• WHAT IS EXPECTED: Restate all data exactly. No images.

• SOURCE MATERIAL:
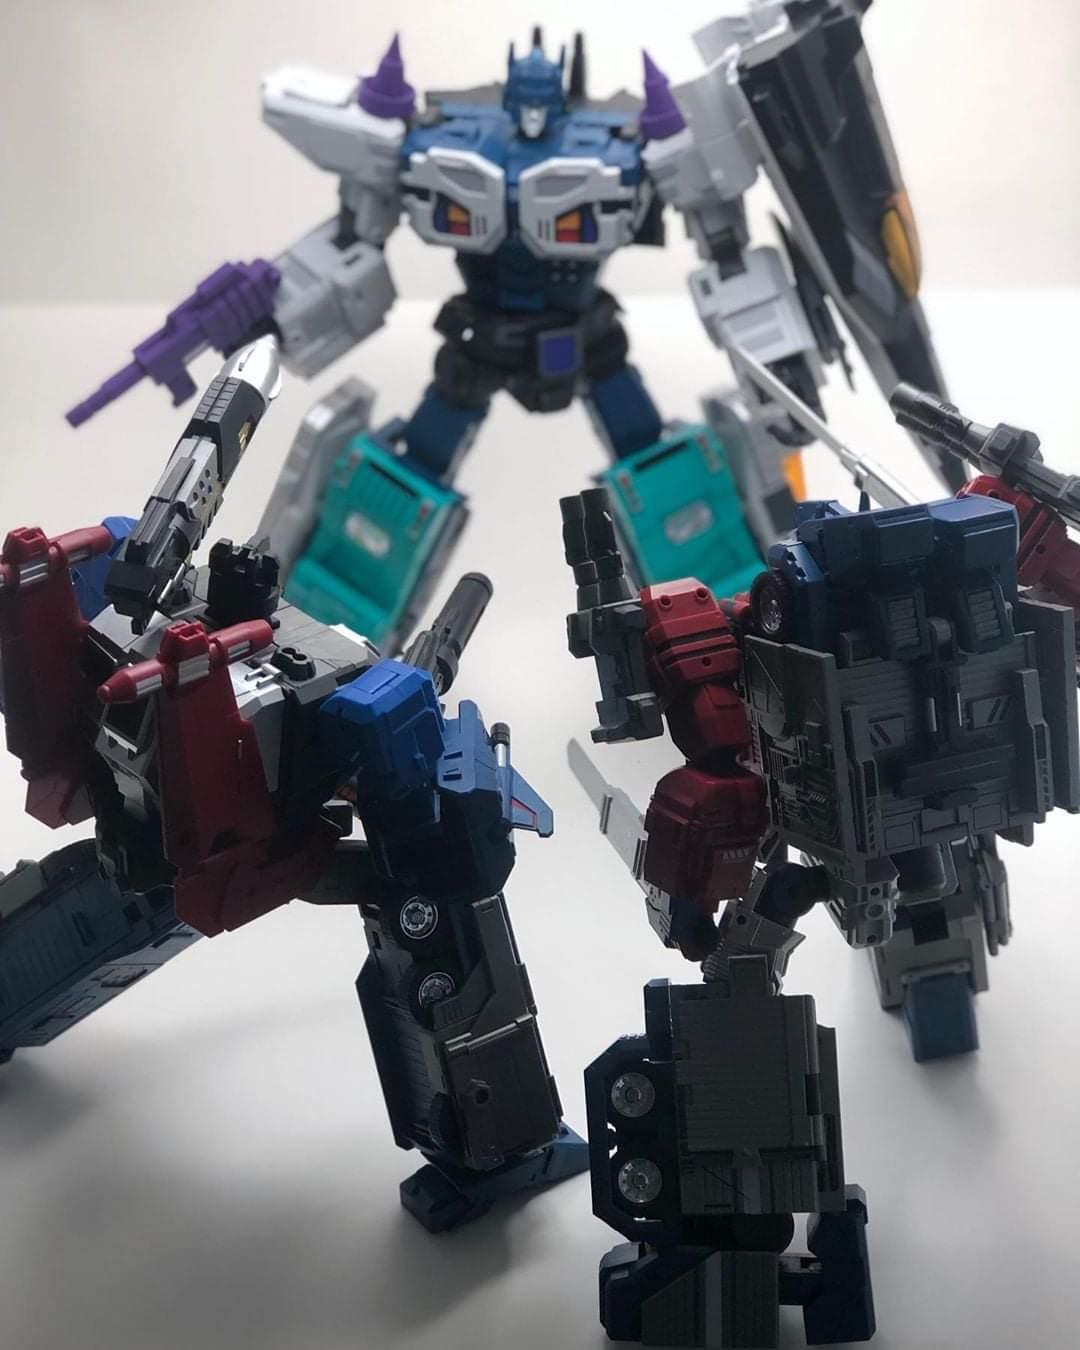 [FansHobby] Produit Tiers - MB-06 Power Baser (aka Powermaster Optimus) + MB-11 God Armour (aka Godbomber) - TF Masterforce - Page 4 NYSwvpAs_o
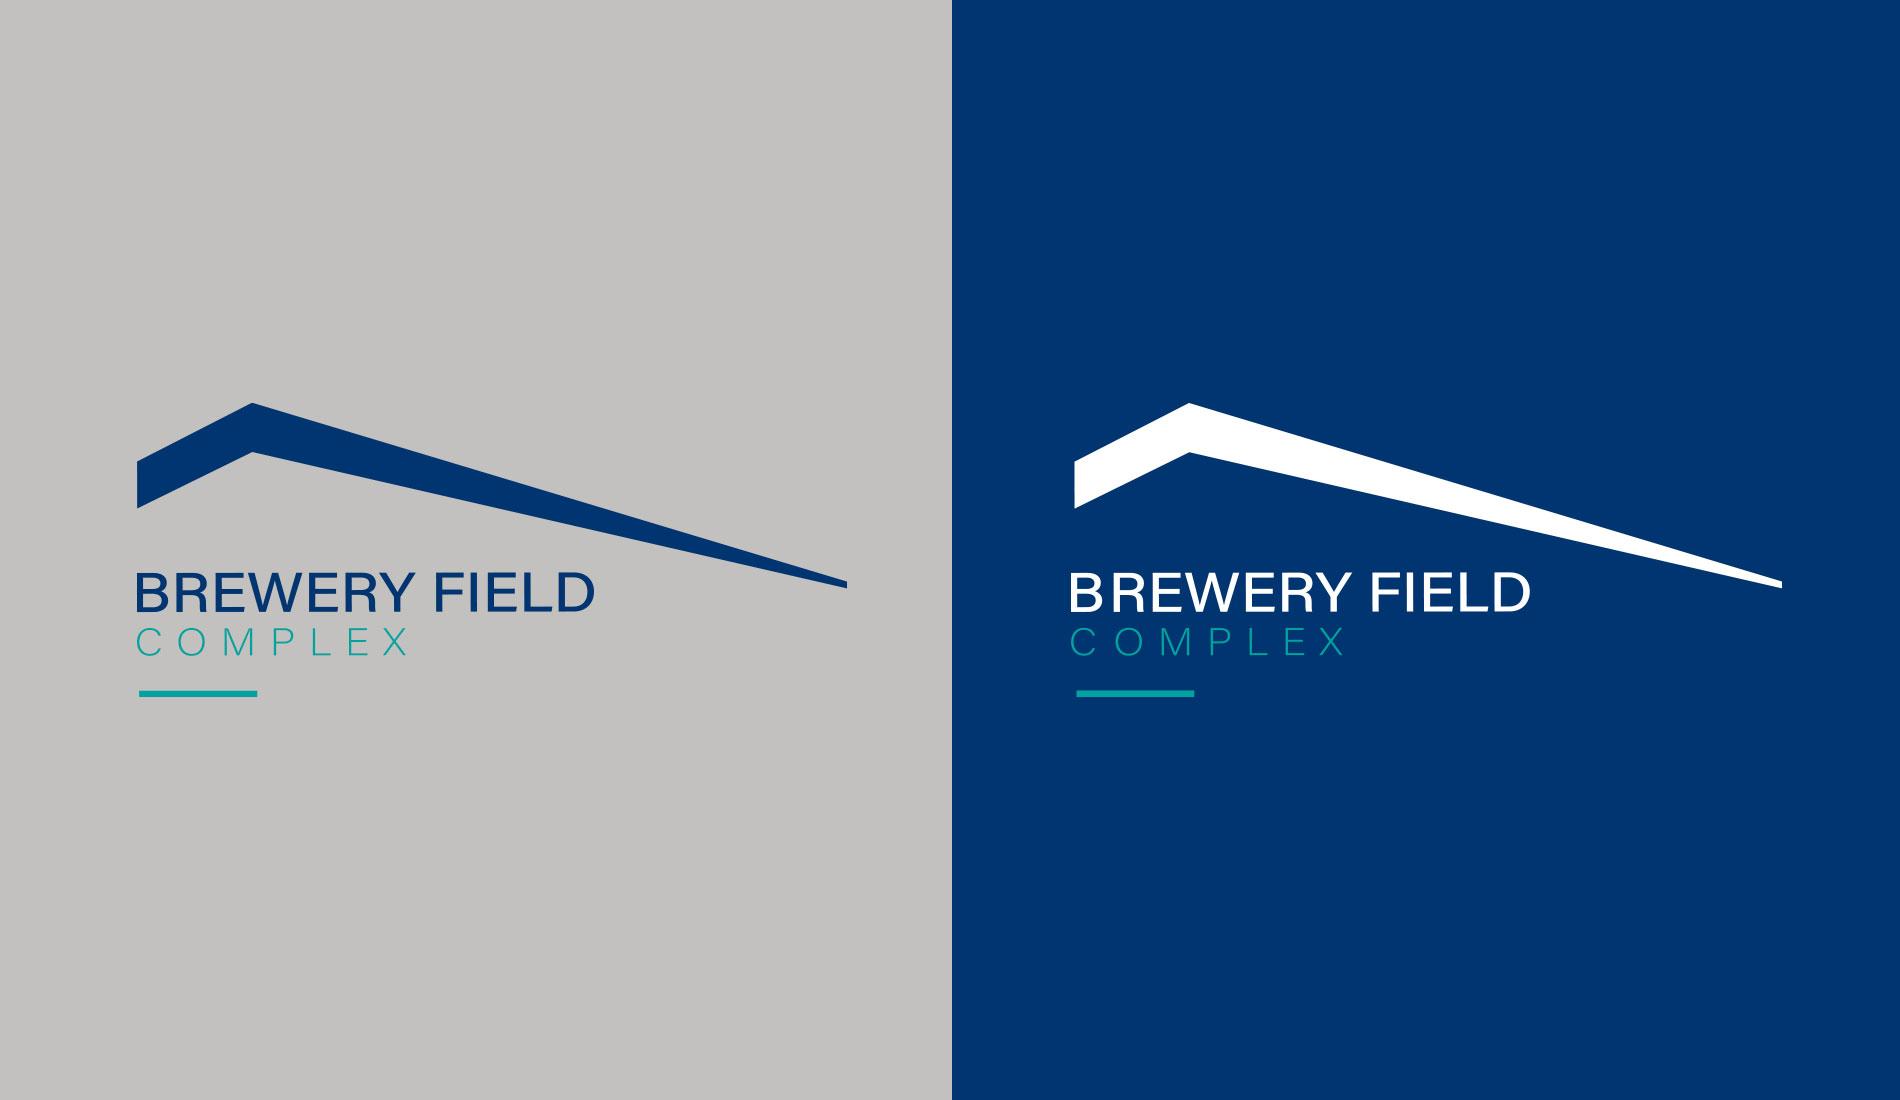 Brewery Field Complex
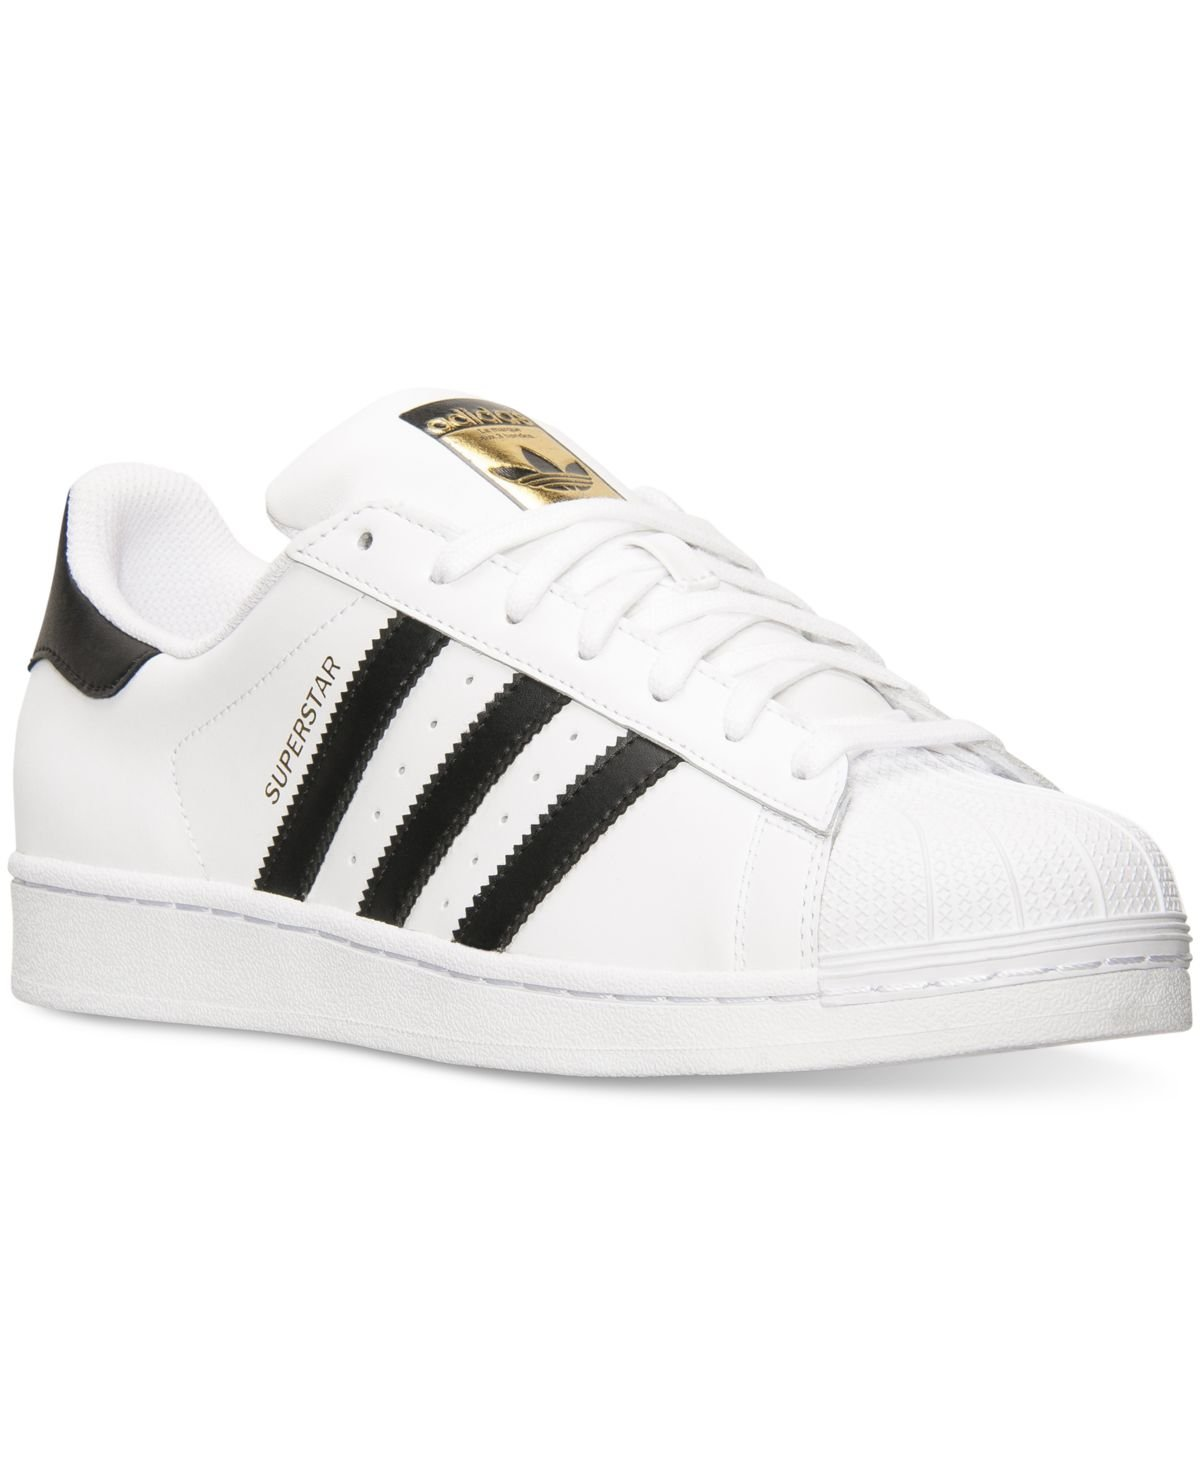 adidas Originals Men's Superstar Casual Sneaker, White/Core Black/White, 9.5 M US

• RESPONSE:
 [FansHobby] Produit Tiers - MB-06 Power Baser (aka Powermaster Optimus) + MB-11 God Armour (aka Godbomber) - TF Masterforce - Page 4 NYSwvpAs_o
 Brewery Field Complex
 adidas Originals Men's Superstar Casual Sneaker, White/Core Black/White, 9.5 M US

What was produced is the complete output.